- Theatrical release poster
- Directed by: Ursula Dabrowsky
- Written by: Ursula Dabrowsky
- Produced by: Sue Brown
- Starring: Cassandra Kane Kerry Reid
- Cinematography: Hugh Freytag
- Edited by: Chop Suzee
- Music by: Michael Taylor
- Production company: Saylavee Productions
- Distributed by: IFM World Releasing
- Release date: 27 March 2009;
- Running time: 80 minutes
- Country: Australia
- Language: English
- Budget: A$6,500

= Family Demons =

Family Demons is a 2009 Australian horror film written and directed by Ursula Dabrowsky and starring Cassandra Kane, Kerry Reid, and Alex Rafalowicz.

==Plot==
Teenage Billie endures a miserable existence with her alcoholic mother. She is cruelly punished every day, both physically and emotionally just for being born (she was born from rape). She has never been to school, she is not allowed to get a job, and she is not permitted to leave the house... ever. As such, Billie's bizarre upbringing has resulted in her becoming a virtual prisoner in her own home. No friends, no outside contacts, just her drunken mother.

During one of her mother's three-day drinking binges, a starving Billie sneaks out of the house in search of food as there are no groceries. Billie finds her way to the local store and buys food, but on her way back home she is attacked by a gang of thugs.

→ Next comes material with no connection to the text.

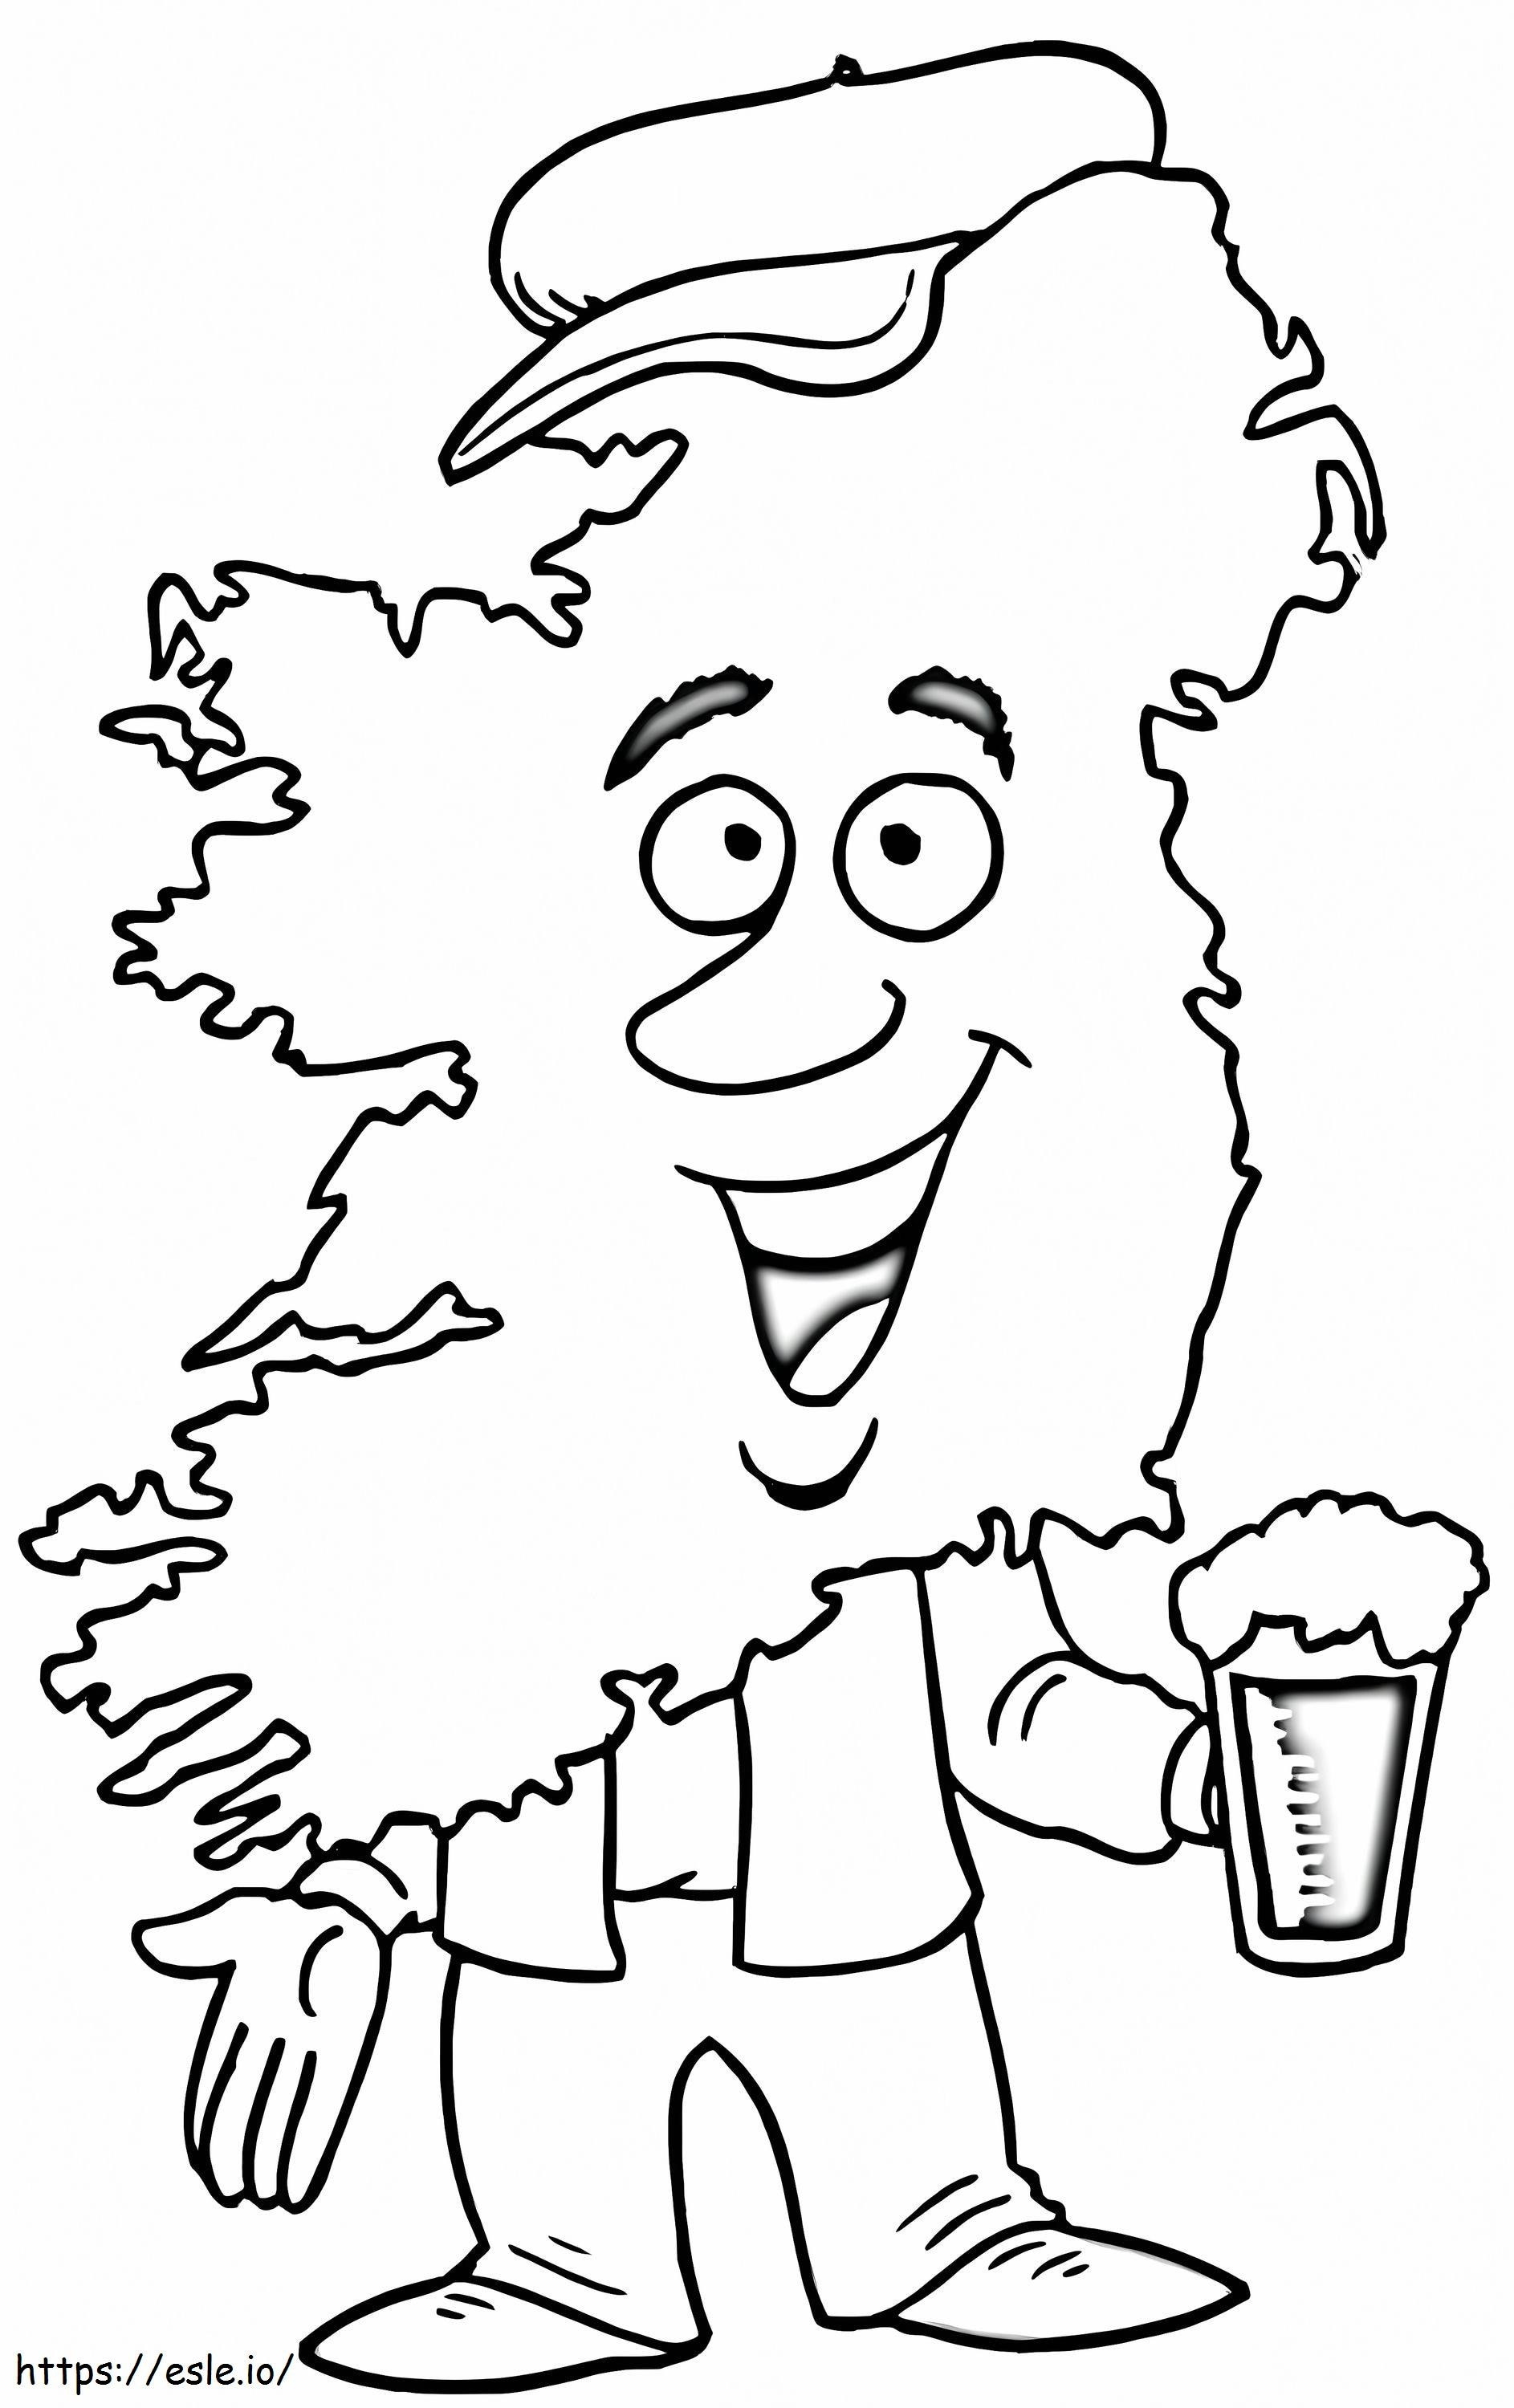 Map Of Ireland Man coloring page

Seeing Billie outnumbered and in trouble, the next-door neighbor Sean tries to protect her while she makes her escape and Billie runs home. Unfortunately, her mother catches her coming in the house and she is chained to the laundry sink as punishment.

Hearing Billie's cries for help, Sean breaks into the house and frees her. The two of them have a day of fun together, but her mother discovers this and gets angry. A violent struggle ensues and during this, Billie's repressed anger is unleashed and in her fury she pushes her mother, knocking her head on the corner of the table.

Sean arrives and helps Billie bring her mother to the hospital. Sean offers to take her away and as she waits at home, her mother suddenly appears and attacks her. Billie runs and eventually kills her in fear, burying the body in the backyard.

Sean still hasn't arrived and the phone rings. The doctor informs Billie that her mother has died. Frightened, she runs into the backyard to dig up the body. It's Sean; she cries. Billie is next shown giving birth in her bathroom, alone. Time skips to a few years later, Billie's daughter, chained up like she was, watches as Billie pours herself a drink and stares drunkenly at her, like her mother did.

==Cast==
- Cassandra Kane as Billie
- Kerry Reid as The Mother
- Alex Rafalowicz as Sean
- Tommy Darwin as The Mother's Boyfriend

==Production==
The film was shot for two weeks in January 2006 on a minuscule budget of $6,500 in one of the worst heat waves to hit Adelaide, South Australia in 30 years.

In November 2009, IFM World Releasing acquired distribution rights. Family Demons is similar in tone to The Sixth Sense and The Others with thematic and visual references harking back to Brian De Palma's horror classic, Carrie and contemporary Asian ghost stories, such as The Grudge and A Tale of Two Sisters.

The movie won at Fright Night Film Festival two Awards "Best Foreign Feature" and Cassandra Kane as "Best Actress".

==Release==
Despite the constraints, this 'Downbeat Wonder' has garnered several awards at international film festivals, including Best Australian Director at the 2009 Night of Horror Film Festival in Sydney and was nominated as a finalist in the 2009 DigiSPAA awards.